Stop living for the big things and start to take pleasure in the little ones....the moments of the Sun rising and seeing the dew glistening on the grass....the butterfly that flits through your life and the quiet and realizing you don't have to look behind you anymore and wonder what is next. Like me there are so many more survivors out there, there is not one part of me that feels that experiencing this life makes me somehow more deserving of good things, I just believe that we all deserve good things.....I have a dream of a day where I don't need to worry anymore, that I can finally breathe and see that all our needs; physical,emotional and financial are all taken care of, that I managed to support my family in spite of my emotional and physical disabilities.
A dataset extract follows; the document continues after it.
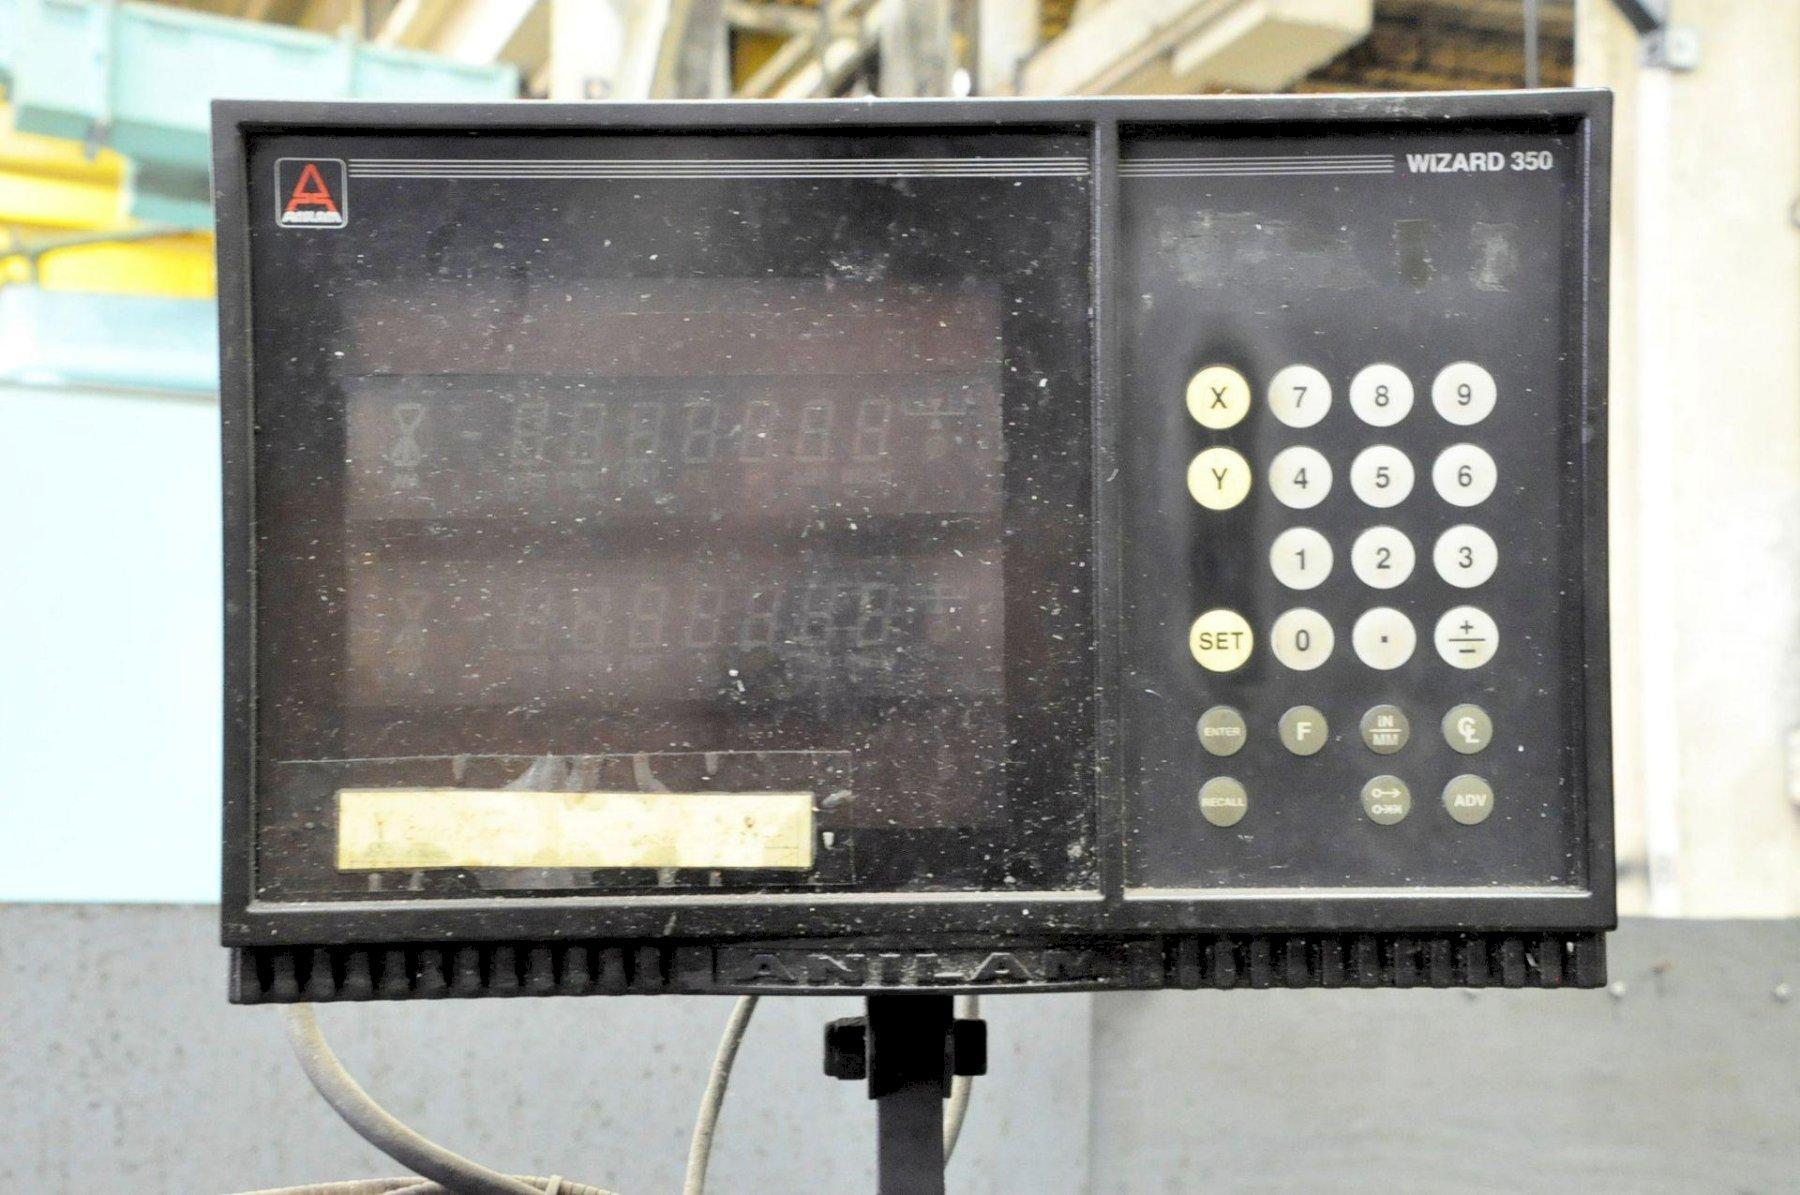 2 HP BRIDGEPORT SERIES I VERTICAL MILL
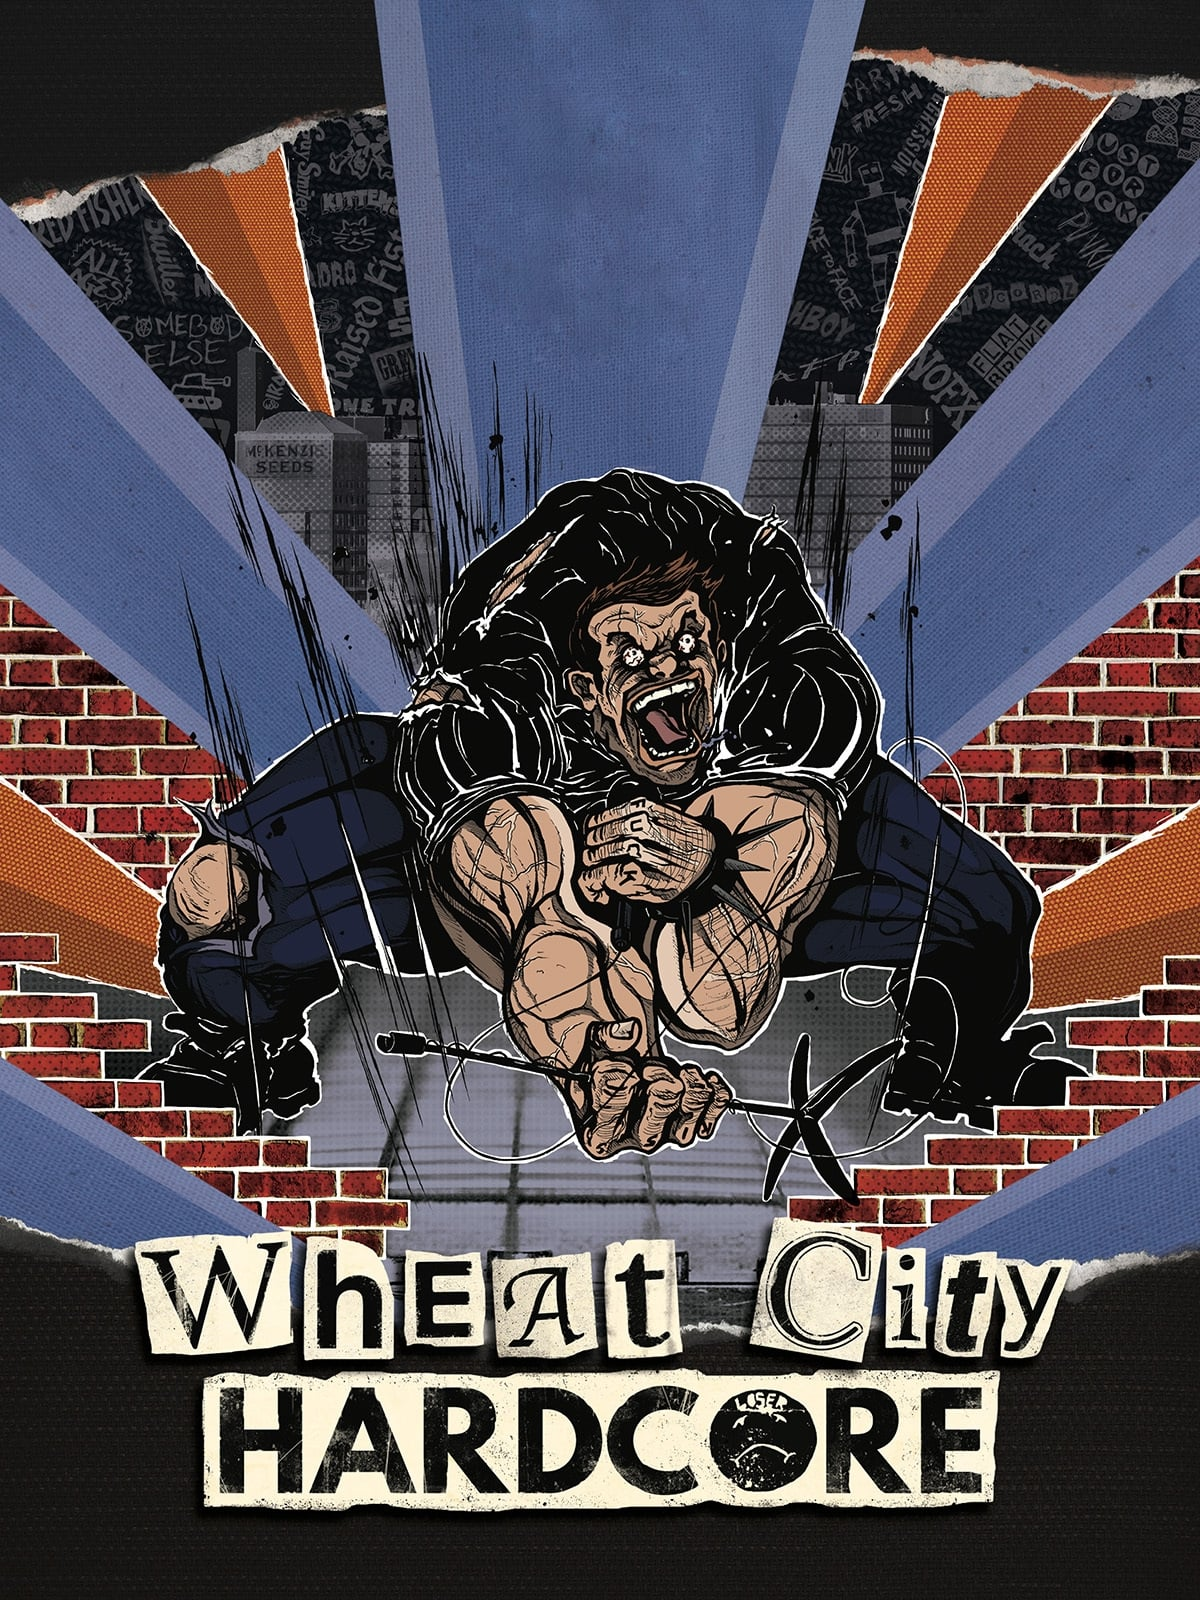 Wheat City Hardcore on FREECABLE TV

Someday it will come, I am sure of it.

Every year as Descent approaches with the darker half of the year, I plan what I will take with me down into Cerridwen's Cauldron...this year it is the shame; for marrying him....for making the wrong choices....for not leaving sooner....for not being the mother that I should have been....for not loving myself enough to know I deserved better.....the sadness of feeling that I wasted so many years of my life hoping against hope that tomorrow would be different....knowing full well that the only way it would be different is if I CHANGED it...not him....Me....the past dies a little more each day as I reclaim another part of me that has been in hiding.....25 years later and I still work through it, so be gentle with yourself, it takes the time it takes....remember the way through is not straight but actually a spiral and we keep going back to the center as we experience things through different eyes each time.....like me on my 51st birthday, facing my oppressors and seeing it from the inside all over again....it happens.....now into the cauldron I go...shed the skins I no longer need....and come out a stronger version of me.

May peace, stability, love and abundance find us all.